As Dad unscrewed the lock, his hands shook ever so slightly. Tears welled up in his eyes and threatened to escape. He was absolutely broken. He knew he was to blame, that his womanizing had provoked the rift. In the following years, Mom would often say that the Other Woman had splintered our home, that she’d created so much misery for our family. But in the quietest chambers of their hearts, my mom and dad must have known the reality. That woman spotted a crack in my parents’ connection, a fissure that had been forming for quite some time. She simply slid her way into a deep crevice that was already in existence. My dad had been the one most culpable for fracturing our family. On that Sunday when we children cast our stones, we struck just one of the two Goliaths. My father, the taller and more accountable giant of the pair, initially went untouched.
I lingered near my dad’s side as he installed the lock. When he finished, he leaned in close to me and whispered, “I threw away all the things your mother used to beat you with.” During the long months of his latest affair, Mom’s tongue had dripped with more and more venom. When she called me Father Face, she did so with a sneer. Given how much I resembled my dad, as well as how much my mom detested his unfaithfulness, my dad feared I’d pay a blistering price in the coming years whenever my appearance reminded my mother of his. S
o when Mom’s back had been turned that morning, he’d removed some wooden hangers and extension cords from her boxes. He also took her jump ropes. If I, Emily, or Melrose disobeyed our mother, she’d sometimes sit on the edge of her bed and braid three of those ropes together as she warned, “This is for you.”

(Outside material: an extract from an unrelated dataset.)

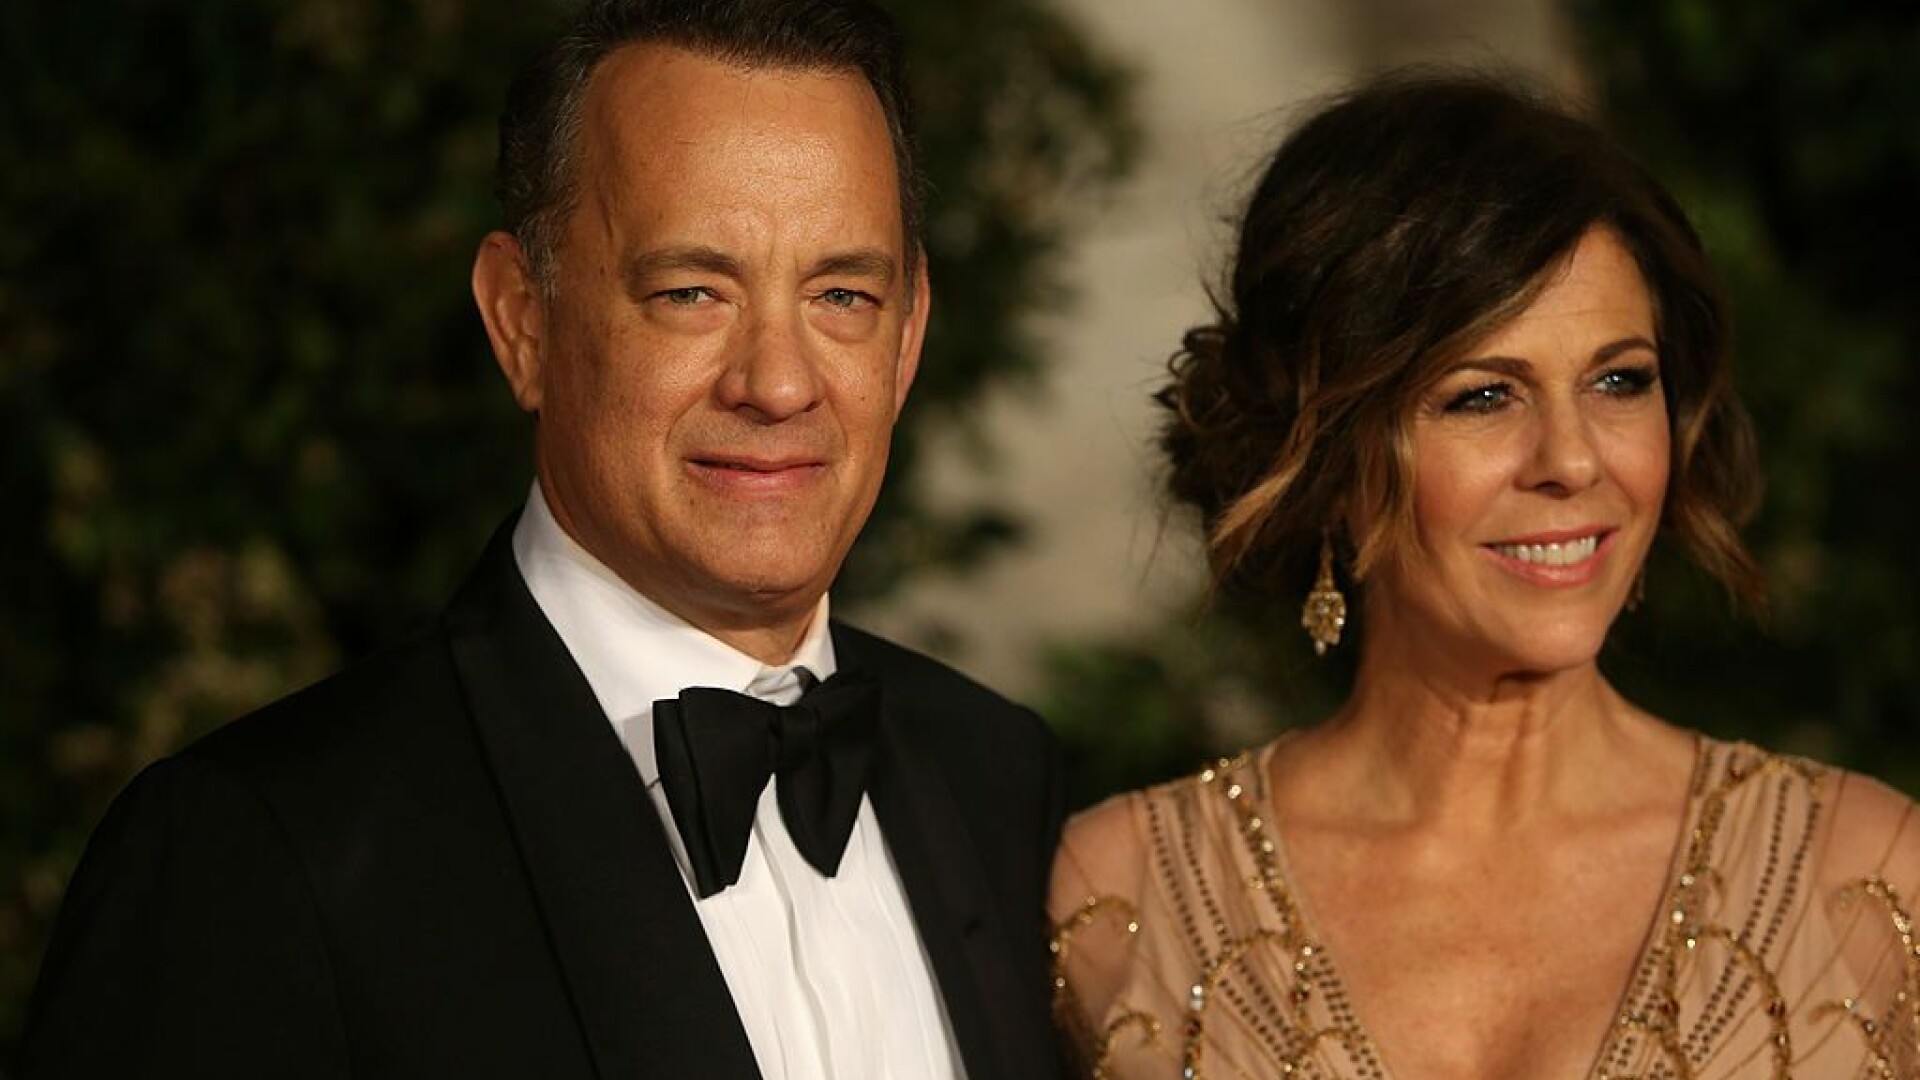 Tom Hanks a ieșit din spital după ce s-a infectat cu noul coronavirus

I didn’t know what to think about my father’s attempt to spare me a beating. In one respect, I was relieved that Mom would have fewer weapons to use against me. But in another regard, I understood it was my dad’s conduct, not my mother’s belt, that had created this upheaval in our home. His comment left me feeling as if I were somehow in the middle, just as I’d been on all those nights when I’d crammed my body between theirs, begging them to surrender. And from my place at the center, I vacillated between my tremendous love for my father and my anger at his behavior.

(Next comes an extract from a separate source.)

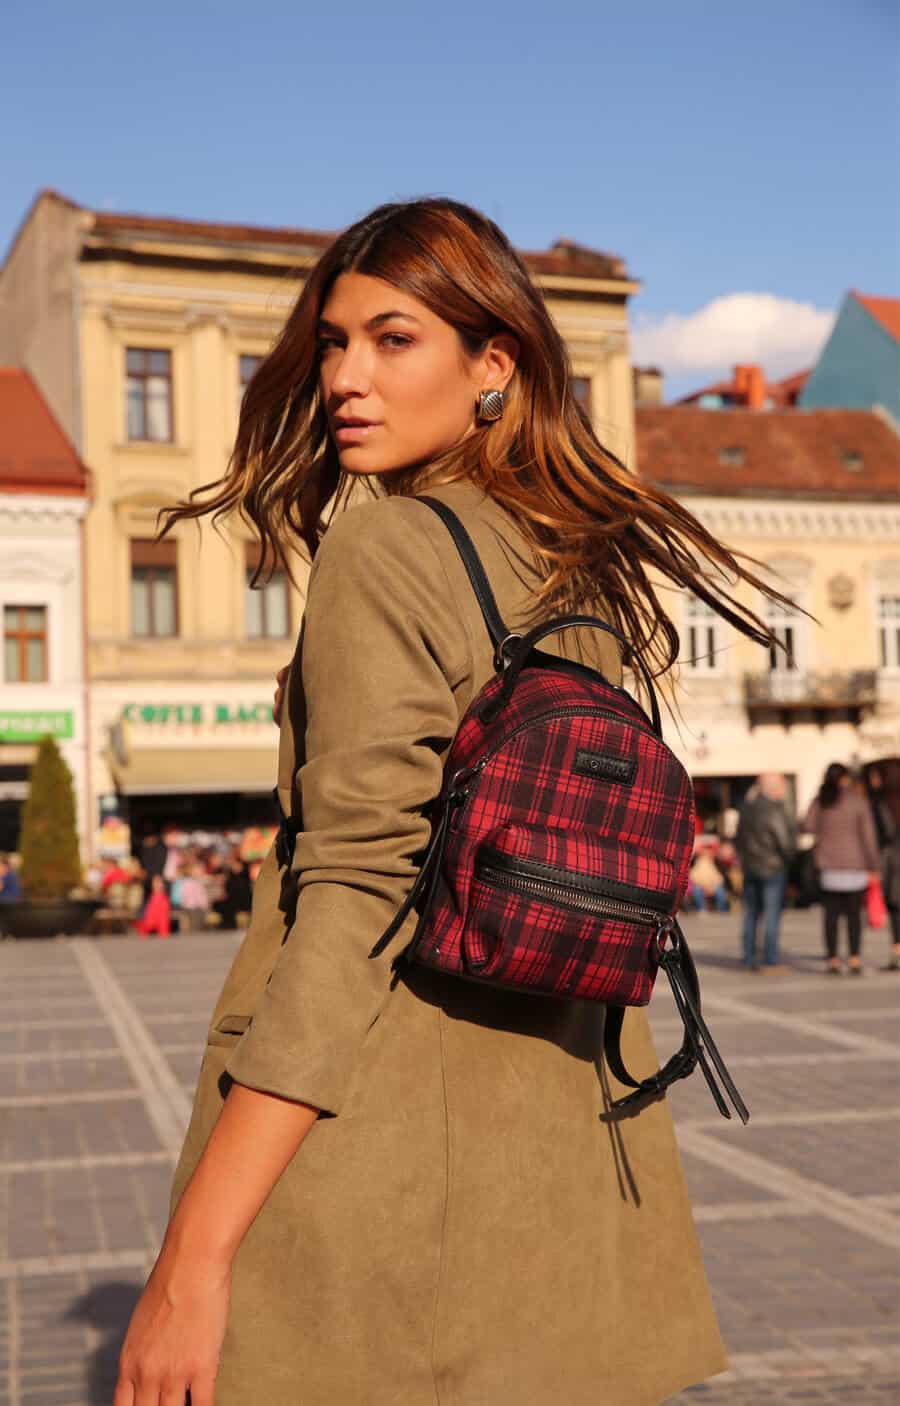 Modelo em cenário urbano usando looks com mochila junto com um casaco bege

After Dad had gone, Melrose set up our pullout. Until Mom bought each of us a bed, that is where we slept. As the sun set on the most painful pivot of my childhood, I lay there quietly weeping next to Emily. Much as I knew my father’s affairs were the true reason for our family’s dissolution, I also felt deeply responsible. I had been the one to forget about what my father had asked me to do, had been the child who’d left his underwear sitting in that pail, soaked with water, heavy with enough proverbial kerosene to spark flames. It was my forgetfulness that had catapulted him into the fury that overturned our world. However untrue I now know that is, it is what I felt as a girl.
For some, childhood innocence slips away in small increments, over years, with the steady ticktock of a metronome. I lost my wide-eyed naivete in one frightful pendulum swing, in the cadence of a single day. My space and spirit violated. My family irreparably broken.